Question: Does the fact that natural gas may be abundant change the environmental position?
Posted in Answers to your questions, Policy on 09/28/2009 07:49 pm by AdministratorWhat about boring old natural gas? I can’t find any mention of it anywhere on your site and I wonder how much you or your readers know about the recent revolution in unconventional “shale” gas, which has meant some geologists think that there is nine times more natural gas available on a planetary scale than thought as little as two or three years ago.
Since ideas such as clean coal and nuclear are predicated on natural gas being finite, as opposed to abundant, I’d just like to hear what your opinons are from an environmental viewpoint.

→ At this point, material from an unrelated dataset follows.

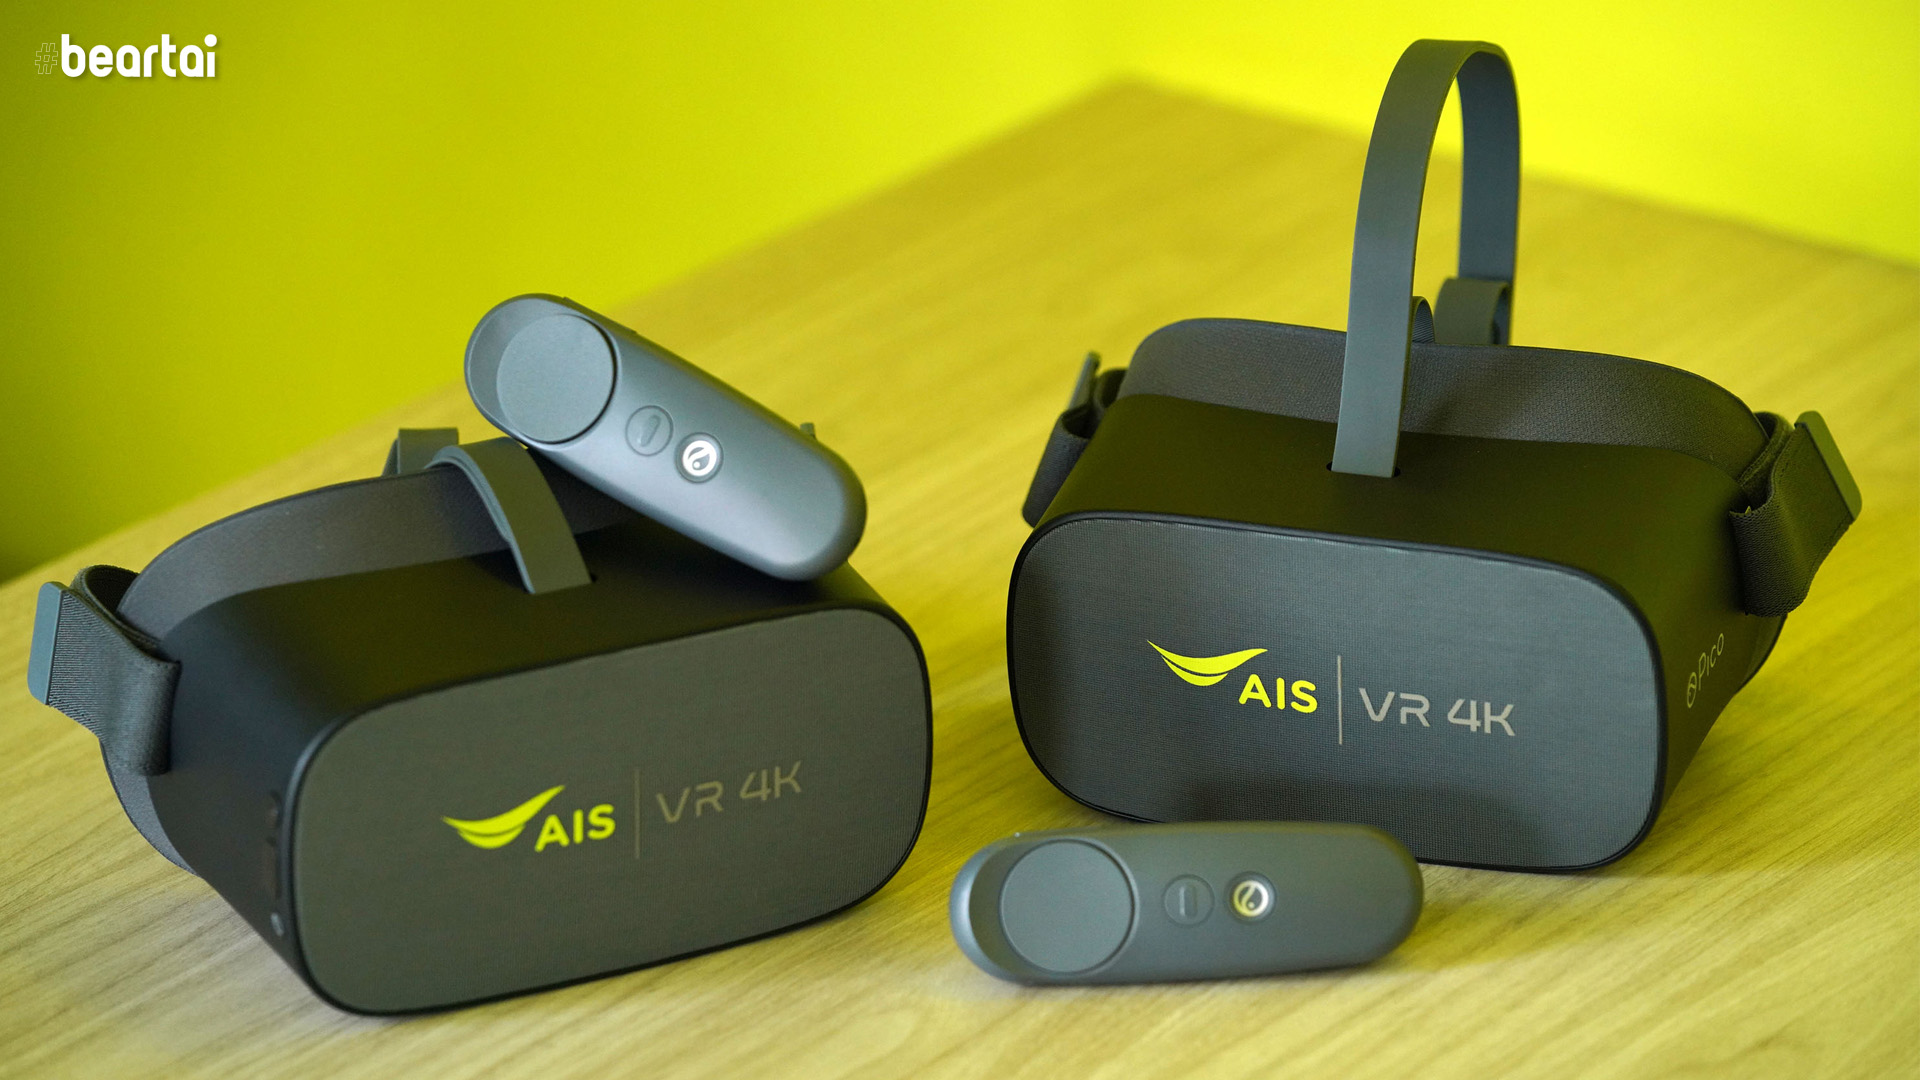 AIS โชว์ล้ำ จัดจริง “The First 5G VR live streaming” รุกเปิดตลาด VR Content พลิกโฉมอุตสาหกรรมบันเทิงยุค 5G

Nick Grealy, 20 September 2009
There is reference to natural gas in the comment of 14 September 2009 (see Is the ‘peak oil’ debate relevant?), which asks whether we should worry about oil and gas running out and points out that more is regularly discovered. The ‘peak oil’ and ‘peak gas’ debates are irrelevant because we cannot afford to burn what we know about already. Shale gas means that there’s more gas available, but doesn’t alter the climate issues. The support by some governments and businesses for CCS and nuclear is partly based on worry about gas running out, but also on where the gas is located, and partly on climate concern. Climate Answers’ support for these bridge technologies until we can be 100% reliant on renewables is based entirely on climate concerns.
Gas is less damaging to the climate than coal without CCS. But gas without CCS will be more damaging than coal with CCS. The article on CCS (see Carbon capture and storage) says that it should be demonstrated on gas power stations as well as coal ones – as Total is doing in France.